Please output the data below exactly as given, starting at its first line and stopping after the line that contains "Perceeloppervlakte Glenn Millerweg 87 Almere".

Top of Information provided

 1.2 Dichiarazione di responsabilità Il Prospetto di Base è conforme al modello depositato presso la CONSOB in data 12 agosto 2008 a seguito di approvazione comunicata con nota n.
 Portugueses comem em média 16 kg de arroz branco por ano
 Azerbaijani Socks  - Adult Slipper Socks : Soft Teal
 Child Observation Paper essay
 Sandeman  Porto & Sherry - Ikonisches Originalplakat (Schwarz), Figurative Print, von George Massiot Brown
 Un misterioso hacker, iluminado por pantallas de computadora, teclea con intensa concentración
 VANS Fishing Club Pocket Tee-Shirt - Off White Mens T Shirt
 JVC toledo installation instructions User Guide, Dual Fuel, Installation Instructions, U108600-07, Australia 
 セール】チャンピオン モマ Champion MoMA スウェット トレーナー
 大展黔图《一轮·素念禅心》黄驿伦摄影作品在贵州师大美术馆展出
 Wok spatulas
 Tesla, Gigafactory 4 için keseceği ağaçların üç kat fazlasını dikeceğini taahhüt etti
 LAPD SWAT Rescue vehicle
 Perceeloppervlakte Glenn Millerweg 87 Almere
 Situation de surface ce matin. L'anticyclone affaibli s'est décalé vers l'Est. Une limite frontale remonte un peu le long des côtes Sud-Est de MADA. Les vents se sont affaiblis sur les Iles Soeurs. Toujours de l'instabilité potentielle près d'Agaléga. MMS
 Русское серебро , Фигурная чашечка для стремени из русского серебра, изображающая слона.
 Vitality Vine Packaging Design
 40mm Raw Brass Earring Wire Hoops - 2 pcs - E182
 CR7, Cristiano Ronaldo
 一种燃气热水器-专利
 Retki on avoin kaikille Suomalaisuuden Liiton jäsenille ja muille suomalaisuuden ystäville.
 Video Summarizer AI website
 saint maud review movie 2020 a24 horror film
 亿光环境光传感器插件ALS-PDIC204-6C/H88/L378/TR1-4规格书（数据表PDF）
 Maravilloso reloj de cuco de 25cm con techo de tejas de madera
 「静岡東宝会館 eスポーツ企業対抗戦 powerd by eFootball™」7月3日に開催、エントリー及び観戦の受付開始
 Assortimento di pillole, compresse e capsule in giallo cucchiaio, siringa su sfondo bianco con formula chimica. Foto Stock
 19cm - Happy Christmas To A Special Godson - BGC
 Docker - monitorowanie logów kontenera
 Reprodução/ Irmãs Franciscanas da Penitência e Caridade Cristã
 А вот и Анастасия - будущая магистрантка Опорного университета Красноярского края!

Bottom of Information provided

• **Exercise response**:
 1.2 Dichiarazione di responsabilità Il Prospetto di Base è conforme al modello depositato presso la CONSOB in data 12 agosto 2008 a seguito di approvazione comunicata con nota n.
 Portugueses comem em média 16 kg de arroz branco por ano
 Azerbaijani Socks  - Adult Slipper Socks : Soft Teal
 Child Observation Paper essay
 Sandeman  Porto & Sherry - Ikonisches Originalplakat (Schwarz), Figurative Print, von George Massiot Brown
 Un misterioso hacker, iluminado por pantallas de computadora, teclea con intensa concentración
 VANS Fishing Club Pocket Tee-Shirt - Off White Mens T Shirt
 JVC toledo installation instructions User Guide, Dual Fuel, Installation Instructions, U108600-07, Australia 
 セール】チャンピオン モマ Champion MoMA スウェット トレーナー
 大展黔图《一轮·素念禅心》黄驿伦摄影作品在贵州师大美术馆展出
 Wok spatulas
 Tesla, Gigafactory 4 için keseceği ağaçların üç kat fazlasını dikeceğini taahhüt etti
 LAPD SWAT Rescue vehicle
 Perceeloppervlakte Glenn Millerweg 87 Almere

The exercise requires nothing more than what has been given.